DISCLAIMER

This code is experimental and work in progress. It is a great tool to learn and should be regarded as that. You will find bugs and things that don't work.

Most of the code was written by different versions of Claude (Sonnet 3.5, 3.7 and Opus 4), closely supervised by me. This was part of the learning journey too.

Funes: Enhanced LLM Memory System with RAG Pipeline

Overview

Funes is a system that enhances local Large Language Models with persistent memory capabilities and a Retrieval-Augmented Generation (RAG) pipeline, inspired by Jorge Luis Borges' short story "Funes the Memorious" (Funes el Memorioso). Just as the character Funes remembered everything he experienced, our system provides local LLMs with a persistent and contextually relevant memory system.

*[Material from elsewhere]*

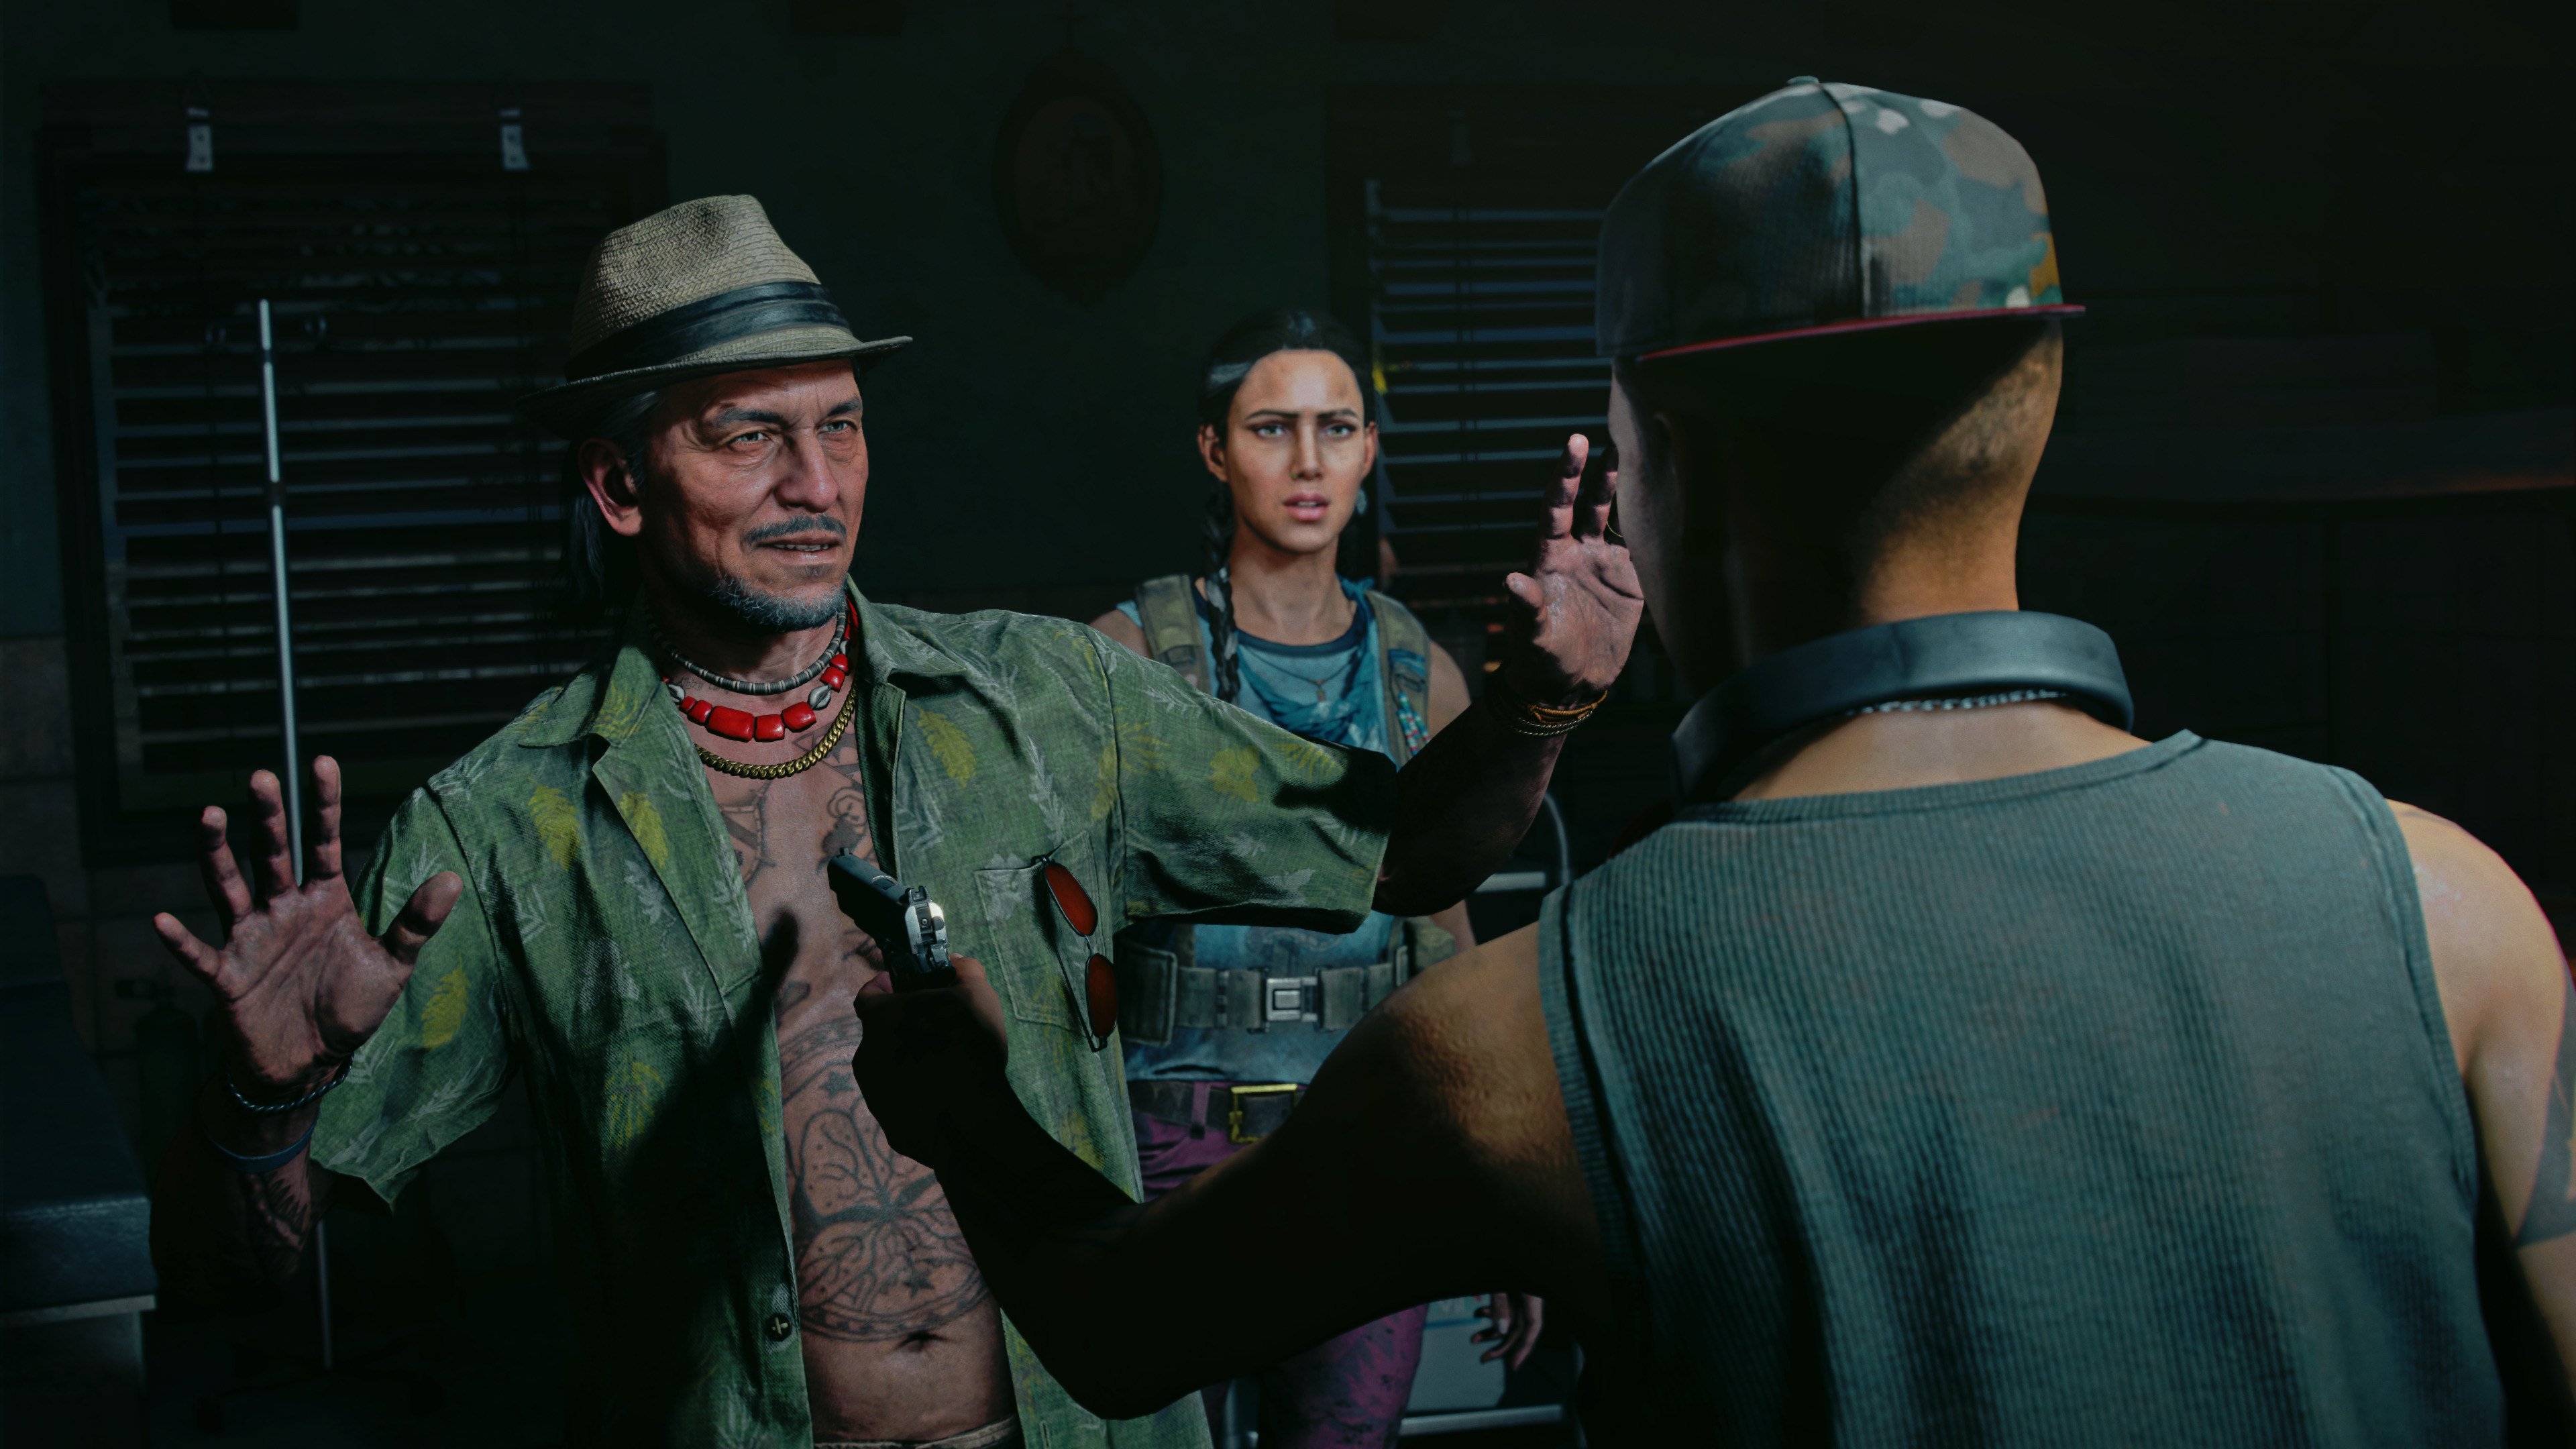 Handy-Wallpaper Computerspiele, Far Cry, Far Cry 6 kostenlos herunterladen.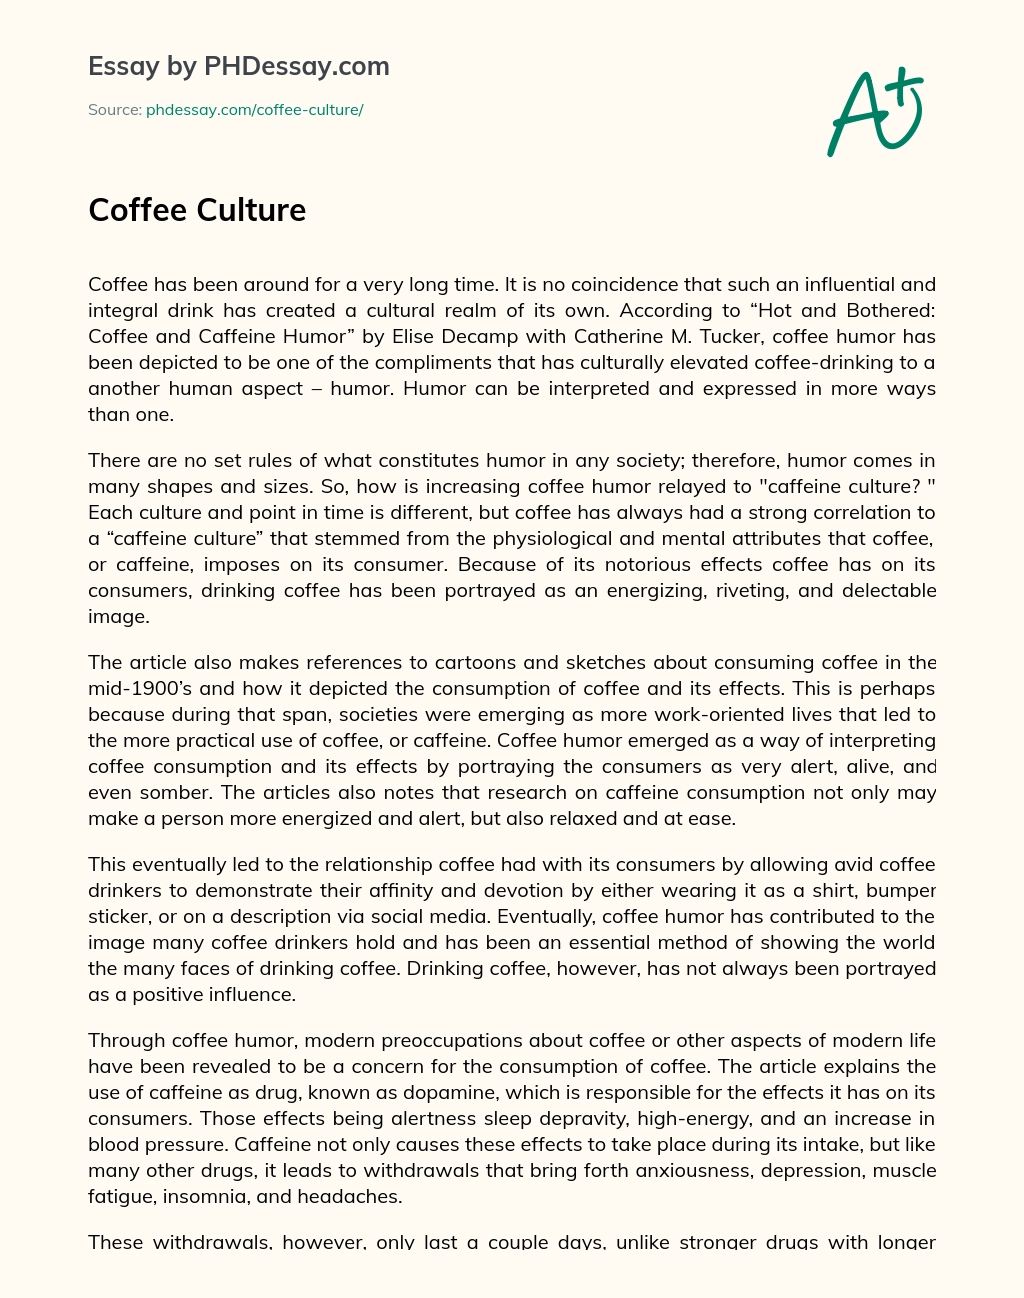 Coffee Culture essay

The system supports multiple LLM backends including Ollama, llama.cpp, and HuggingFace, while maintaining a persistent memory of previous interactions and knowledge in a PostgreSQL database with vector storage capabilities for semantic search.

Prerequisites

Linux-based system (Ubuntu/Debian recommended)
Sudo privileges (non-root user)
Internet connection for downloading dependencies

Quick Installation

The entire installation process has been simplified with a bash script that handles all the necessary setup:

# Clone the repository
git clone https://github.com/Auto2ML/FunesServer.git
cd FunesServer

# Make the install script executable
chmod +x install.sh

# Run the installation script
./install.sh

The installation script automatically:

Installs system dependencies
Sets up LLM backends (Ollama, required libraries for llama.cpp and HuggingFace)
Configures PostgreSQL with pgvector extension
Creates the required database and user
Sets up Python virtual environment
Downloads the required LLM models
Creates a launcher script for easy execution

Running Funes

After installation, you can run Funes with the provided launcher script:

./run_funes.sh

The Gradio interface will be available at http://localhost:7860

Configuration

Funes can be configured through the config.py file to use different LLM backends and models:

# LLM model configuration
LLM_CONFIG = {
    'model_name': 'llama3.2:latest',         # The model name or path
    'backend_type': 'ollama',                # Options: 'ollama', 'llamacpp', 'huggingface'
    'system_prompt': "You are Funes..."      # System prompt for the LLM
}

# Embedding model configuration
EMBEDDING_CONFIG = {
    'model_name': 'all-MiniLM-L6-v2',        # Embedding model name
}

LLM Backend Options:

Ollama Backend:
- Set 'backend_type': 'ollama'
- Use any model available in Ollama for model_name
llama.cpp Backend:
- Set 'backend_type': 'llamacpp'
- For model_name, provide the path to your GGUF model file
HuggingFace Backend:
- Set 'backend_type': 'huggingface'
- Use any model identifier from HuggingFace for model_name

Memory Configuration:

# Memory configuration
MEMORY_CONFIG = {
    'short_term_capacity': 10,               # Number of messages to keep in short-term memory
    'short_term_ttl_minutes': 30,            # Time-to-live for short-term memory items
    'default_top_k': 3                       # Default number of relevant memories to retrieve
}

Tools System

Funes includes a robust tools system that allows the LLM to interact with external functionalities. This system enables the LLM to:

Access Real-time Information: Get current date/time information and weather conditions
Process and Format Data: Extract, transform, and present data in natural language
Extend Capabilities: The framework allows for easy addition of new tools

Available Tools:

1. DateTime Tool

Provides current date and time information
Supports multiple timezones
Configurable output formats (full, date, time, iso)
Example usage: "What's the current time in Tokyo?"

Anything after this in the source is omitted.